Ginger Andrews was born in North Bend, Oregon in 1956. Her poems have recently appeared
in The Hudson Review, Poetry, River Sedge, Fireweed, and The
American Voice. In 1997, she received the Mary Schierman Award at the Coos Bay Writers
Conference. She is the winner of the 1999 Nicholas Roerich Poetry Prize from Story Line
Press, which will publish her book An Honest Answer in the fall. She cleans houses
for a living, and is a janitor and Sunday school teacher at North Bend Church of Christ.
A WHOLE LIFE: GINGER ANDREWS' AN HONEST ANSWER
The presiding spirit behind Ginger Andrews' first book An Honest Answer must be William Carlos Williams. When he said he wrote in the speech of Polish mothers, he could have included the American working class anywhere. The sinewy resilience of Andrews' individual poems honors the tradition of his free verse lyrics. She listens for the poetic measure in American speech and reproduces it in unique forms. I would venture to say that the poetry of Ginger Andrews is as close to the tradition of Williams as American free verse has ever been.

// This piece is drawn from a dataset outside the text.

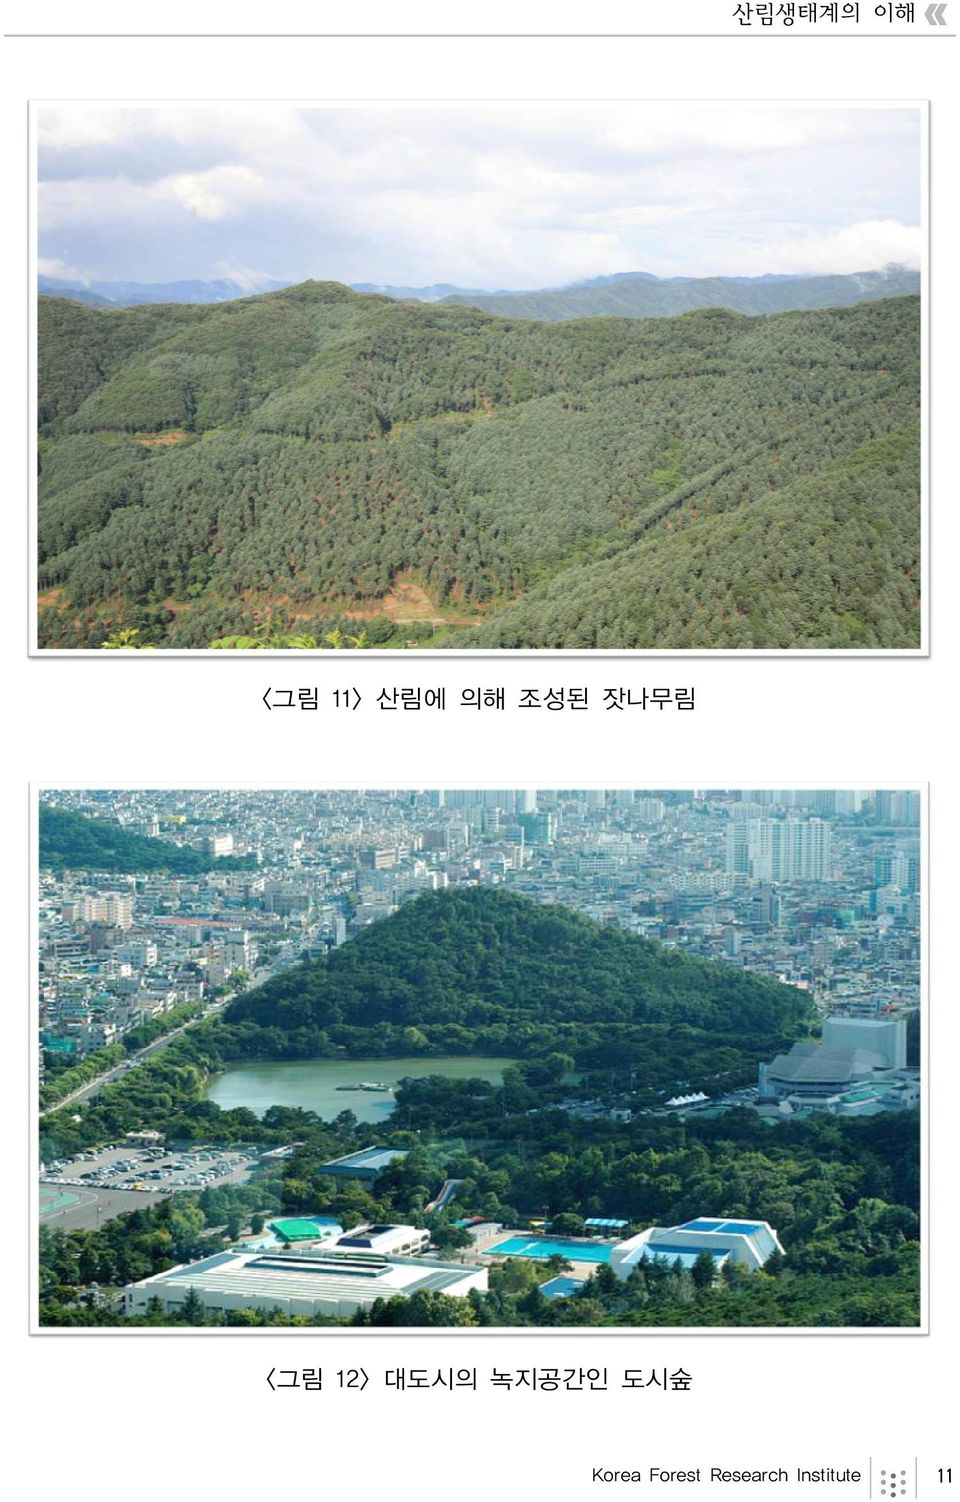 대도시의 녹지공간인 도시숲 Korea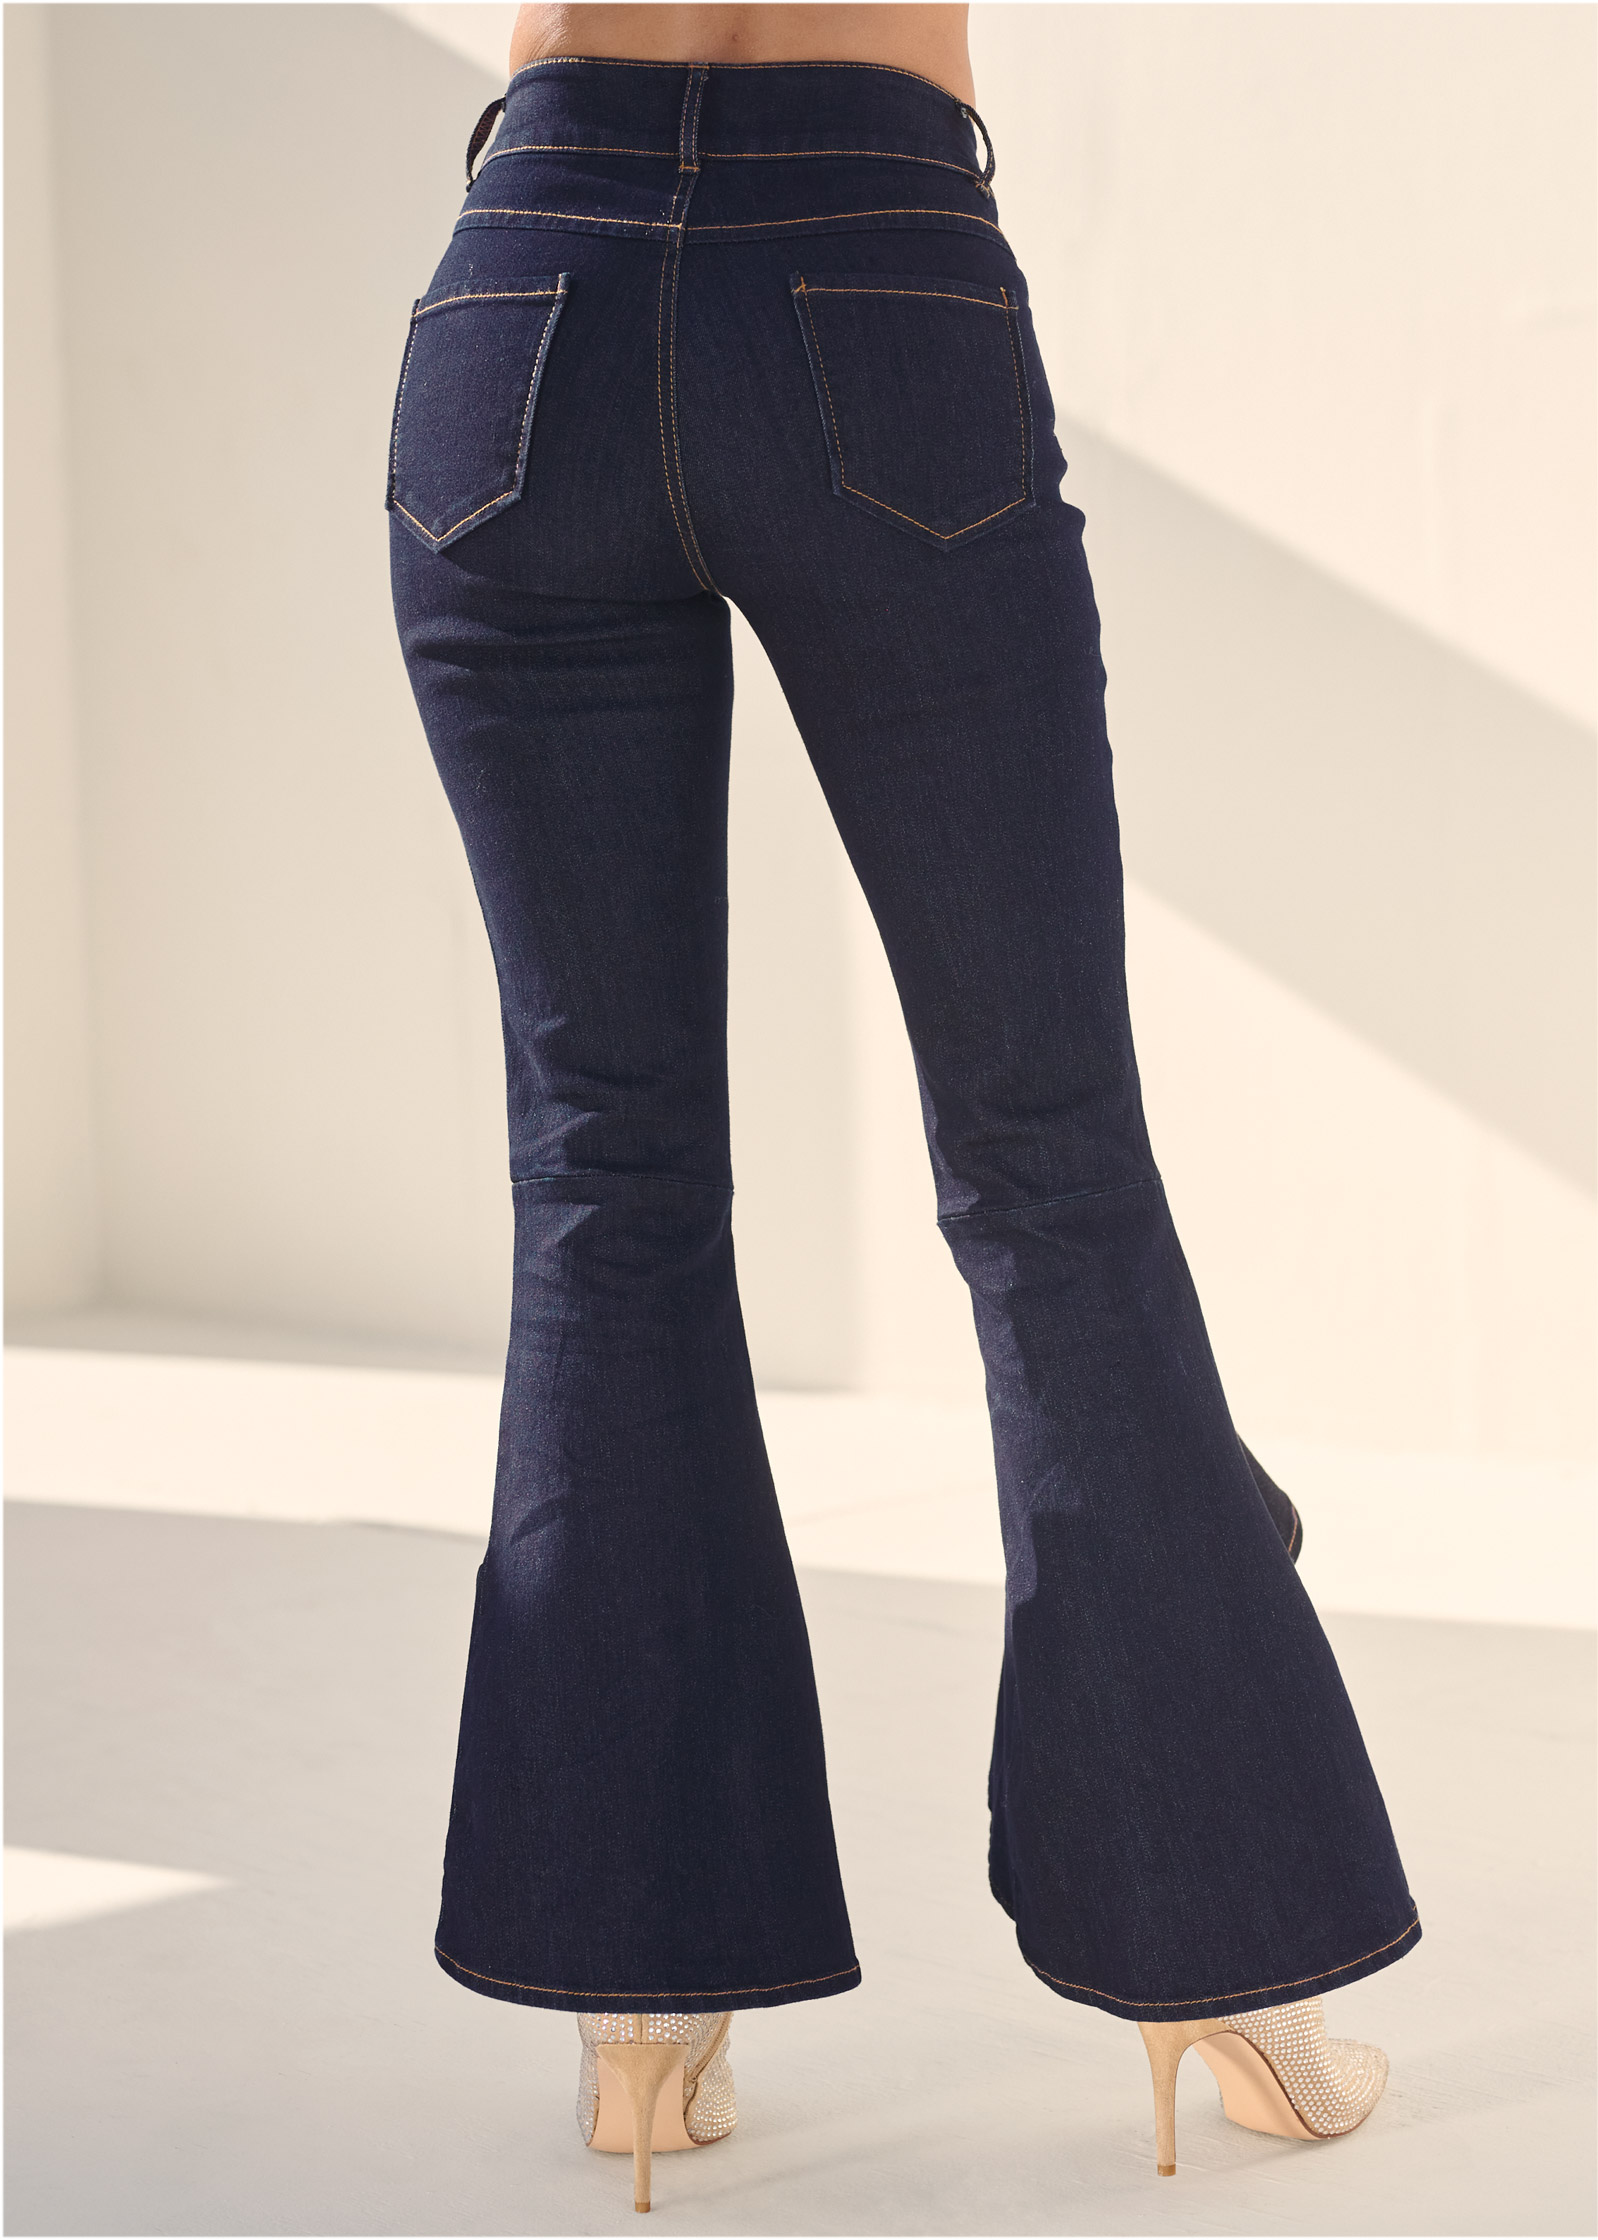 Ruffle Slit Hem Jeans in Indigo Blue - Denim | VENUS

Where Andrews' poems seem fragmentary at times, like those poems of Williams which Robert Frost called "snippets of things," they are in fact parts that stand for a whole; as Frost himself said, any poem was a part that stood for a whole. In Andrews' case each part stands for a whole life. That life in An Honest Answer follows a narrative arc: the early death of her mother, the illness and eventual death of her father, and the effect of these losses on herself and her surviving siblings. The operative word here is survivor. That word, used loosely twenty years ago about upwardly mobile young people, applies to Andrews: she's a survivor, saved, apparently, by her faith and her poetry. She is never just marking time, never boring, never setting herself a mere exercise. She is acknowledged among her family and friends as their poet, recorder of life and hard times in the lumber towns of the Northwest, where astounding natural beauty is no remedy for the grim facts of joblessness, alcoholism, crime, disease. Andrews shows how poetry breaks through the dank fog of these troubles, as surely as her profound and durable faith.
As for the voice speaking to us in these poems, it is as fresh as Ray Carver's seemed 25 years ago. Another poet who comes to mind is her fellow Northwesterner Vern Rutsala, himself a descendent of Williams who, like Williams, has kept his eye on the working poor throughout his career. Andrews is a working class, born again Sappho, an Ahkmatova who cleans houses and teaches Sunday School. These figures come to mind not for the sake of hyperbole, but to help understand the originality of this new and remarkable poet. We glimpse one vital source of her imagination in the opening of "Home Alone":
bad cooks, good cooks,
food stamp recipients,
low blood sugar & type 2 diabetes,
depression, codependency, cancer,
high energy, low self esteem,
nap takers, neat freaks, control freaks,
carpal tunnel syndrome,
strong arms, skinny ankles, pot bellies,
public speakers, introverts, braggers,
blue eyes, long legs, red necks,
enablers, naggers, whiners,
pride, guilt and honesty all run in my family.
And she adds, "There's never a dull moment, though I'm praying for one." Ginger Andrews speaks to us genuinely and passionately from firsthand experience, and in doing so, she speaks for others who share that experience and share it every day.